To solve this, I first split up my input into locks and keys:
keys_and_locks = [input[i:i+6,:] for i in 1:7:size(input)[1]]
my_keys = [x for x in keys_and_locks if all(x[1:1,1:5] .== "#")]
my_locks = [x for x in keys_and_locks if all(x[7:7,1:5] .== "#")]
Then, I wrote a function that would test if a key fit into a given lock by calculating how many #
symbols were in each column, and added those together for each lock and key. If any values summed to more than five, the combination was invalid!

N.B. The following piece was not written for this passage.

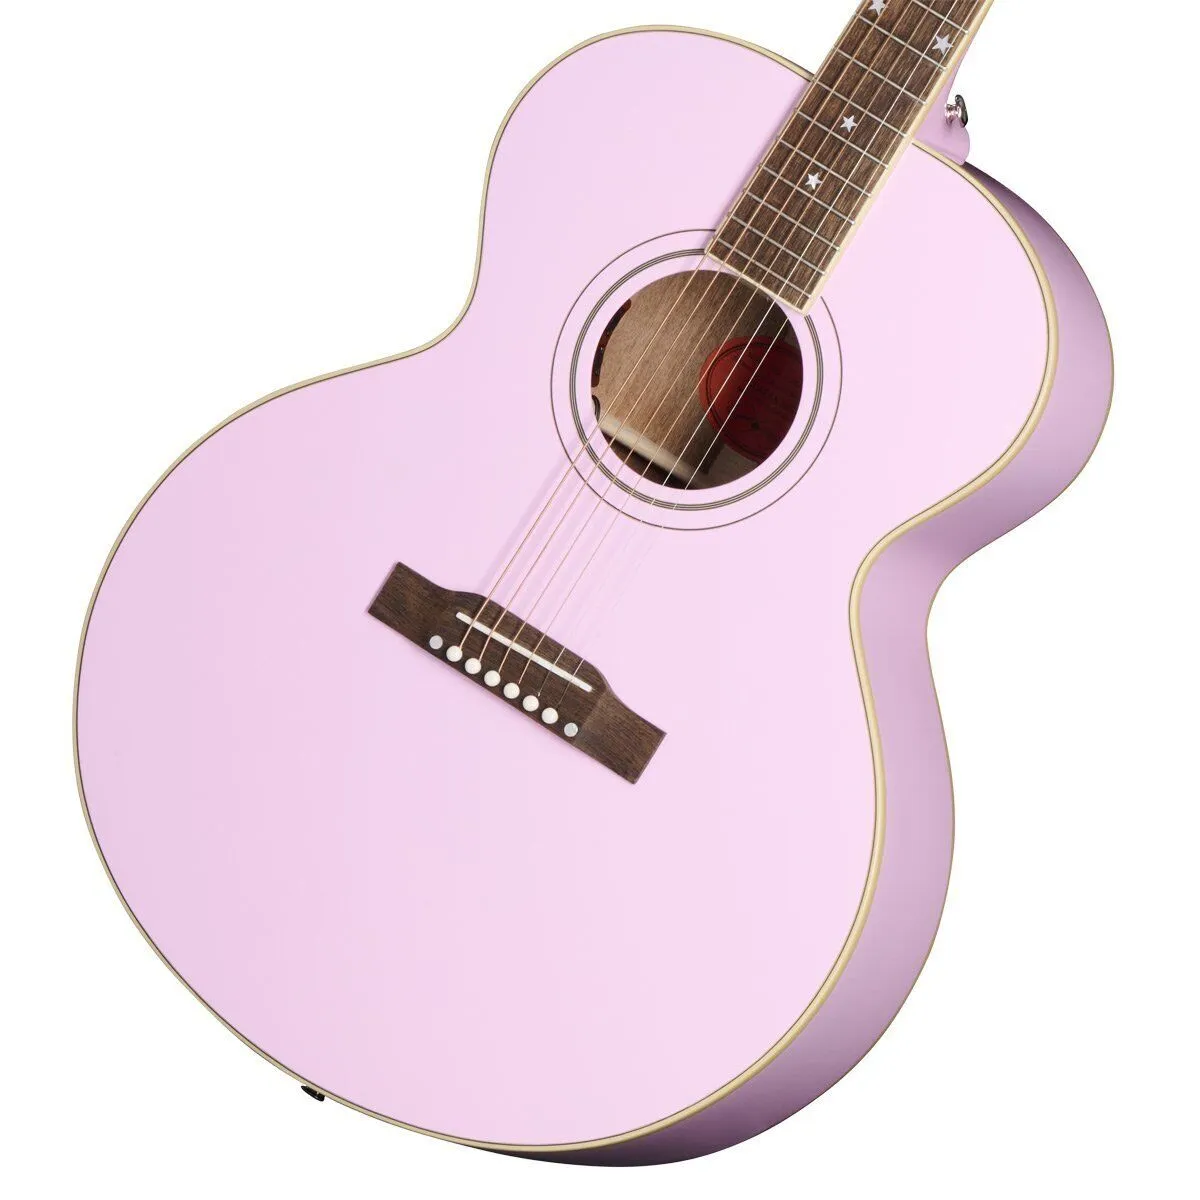 Inspirado no violão J180 LS Pink Guitar

function test_fit(my_key, my_lock)
key_heights = [sum(my_key[2:7,i] .== "#") for i in 1:5]
lock_heights = [sum(my_lock[1:6,i] .== "#") for i in 1:5]
return all((key_heights .+ lock_heights) .<= 5)
end
Finally, I wrote a nested for loop to test all of the locks and keys. And I got my answer!
counter = 0
for my_key in my_keys
for my_lock in my_locks
if test_fit(my_key, my_lock)
global counter = counter + 1
end
end
end
println(counter)
3
Part Two#
There was no part two for this problem!
Closing thoughts#
I had a wonderful time doing the Advent of Code this year (as opposed to 2022, when I became quite sick in early December and realized I was skipping out on desperately needed sleep just to try to score meaningless leaderboard points)! I really struggled with some of these problems, but struggling with them was good–I learned a lot in the process (and I certainly learned more than the folks who just fed the problems into an LLM repeatedly until they got an answer)! I’m not sure I’ll do it again next year–just having gone all the way through a full AoC was quite taxing, but thank you all for following along! Happy holidays!